The Phase 3 trial is a multicentre, randomised, double-blind, placebo-controlled study to determine the efficacy and safety of Clonidine Topical Gel in the treatment of pain associated with PDN.  In the trial, referred to as the RHAPSODY Study, subjects are randomised to receive either Clonidine Topical Gel or a placebo gel.  One hundred and forty adult subjects have been randomized into the 12 week double-blind treatment phase of the study.  This is the first of two pivotal trials that would be required for submission of a New Drug Application (NDA) to the US Food and Drug Administration (US FDA).  FDA has granted Fast Track designation for the programme, which recognises the need of developing new therapies for this serious condition.

"We are very pleased with the rapid progression of this study, which we expect will allow for an independent interim analysis based on 50 per cent of the patients completed during the third quarter of this year  one quarter ahead of schedule," said Dr. Andrew Finn, executive vice president of product development.  "The expeditious enrollment of this study in part illustrates the significant unmet need that exists for new treatment options for patients suffering from painful diabetic neuropathy.  Based on the enrollment of this trial, and assuming no additional patients will be required following the interim analysis, we should have top-line study results by the end of the year."

BDSI met with representatives of the FDA on November 21, 2013 to discuss the proposed clinical development programme for Clonidine Topical Gel for the treatment of PDN.  The FDA agreed with the overall clinical programme proposed by BDSI, which includes two well controlled studies and one long-term safety study in patients suffering from PDN, the duration of treatment required for the safety assessment, the plan for data integration from prior and planned clinical studies and the interim analysis of the first pivotal trial.  BDSI is now rolling over patients from the first Phase 3 trial into the 12-month long-term safety study and anticipates starting the second pivotal study in the first quarter of next year.  The overall programme is being conducted in subjects demonstrating functional skin nociceptors, which is the population of patients that demonstrated a statistically significant difference compared to placebo on the primary efficacy endpoint in a previously conducted Phase 2 study.

Nearly 26 million people in the US have diabetes according to the American Diabetes Association.
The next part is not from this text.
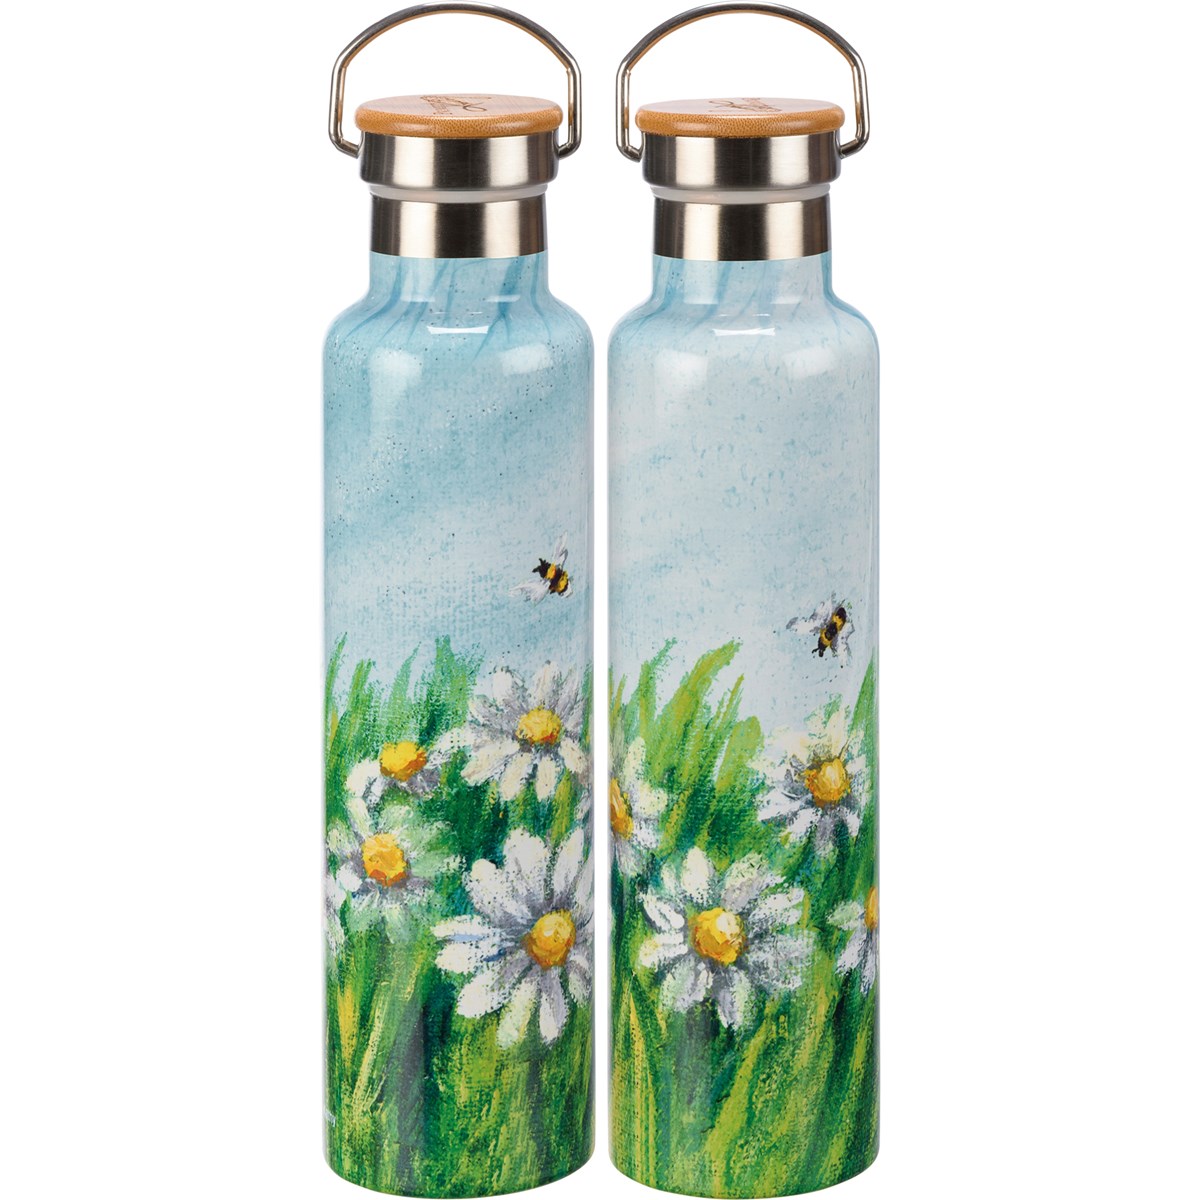 Daisies Insulated Bottle - Stainless Steel, Bamboo

A substantial number of these people have peripheral neuropathy as manifest by impaired sensation and pain in the extremities, most often the feet.  Patients with PDN often experience debilitating pain symptoms that affect day-to-day functioning and quality of life.

BDSI is currently studying whether Clonidine Topical Gel can relieve pain caused by PDN by decreasing the abnormal hyper-excitability of skin nociceptors.  Currently available oral treatments are modestly effective in relieving symptoms and are limited by systemic side effects and drug interactions.  There are no topical products approved for the treatment of PDN.
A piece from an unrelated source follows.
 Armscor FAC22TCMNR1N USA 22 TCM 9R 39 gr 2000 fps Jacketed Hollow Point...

Oral medications that are approved for the treatment of PDN include anticonvulsants such as Lyrica (pregabalin), the antidepressant Cymbalta (duloxetine) and the opioid Nucynta (tapentadol), with sales for the treatment of neuropathic pain totaling over $3 billion in the US according to Datamonitor.  BDSI believes that Clonidine Topical Gel offers a novel mechanism of action to the available therapies with a potentially improved safety and tolerability profile.  BDSI estimates annual peak sales potential for this product in excess of $300 million.  BDSI is the worldwide licensee of development and commercialisation rights to Clonidine Topical Gel for PDN under a licence with Arcion Therapeutics.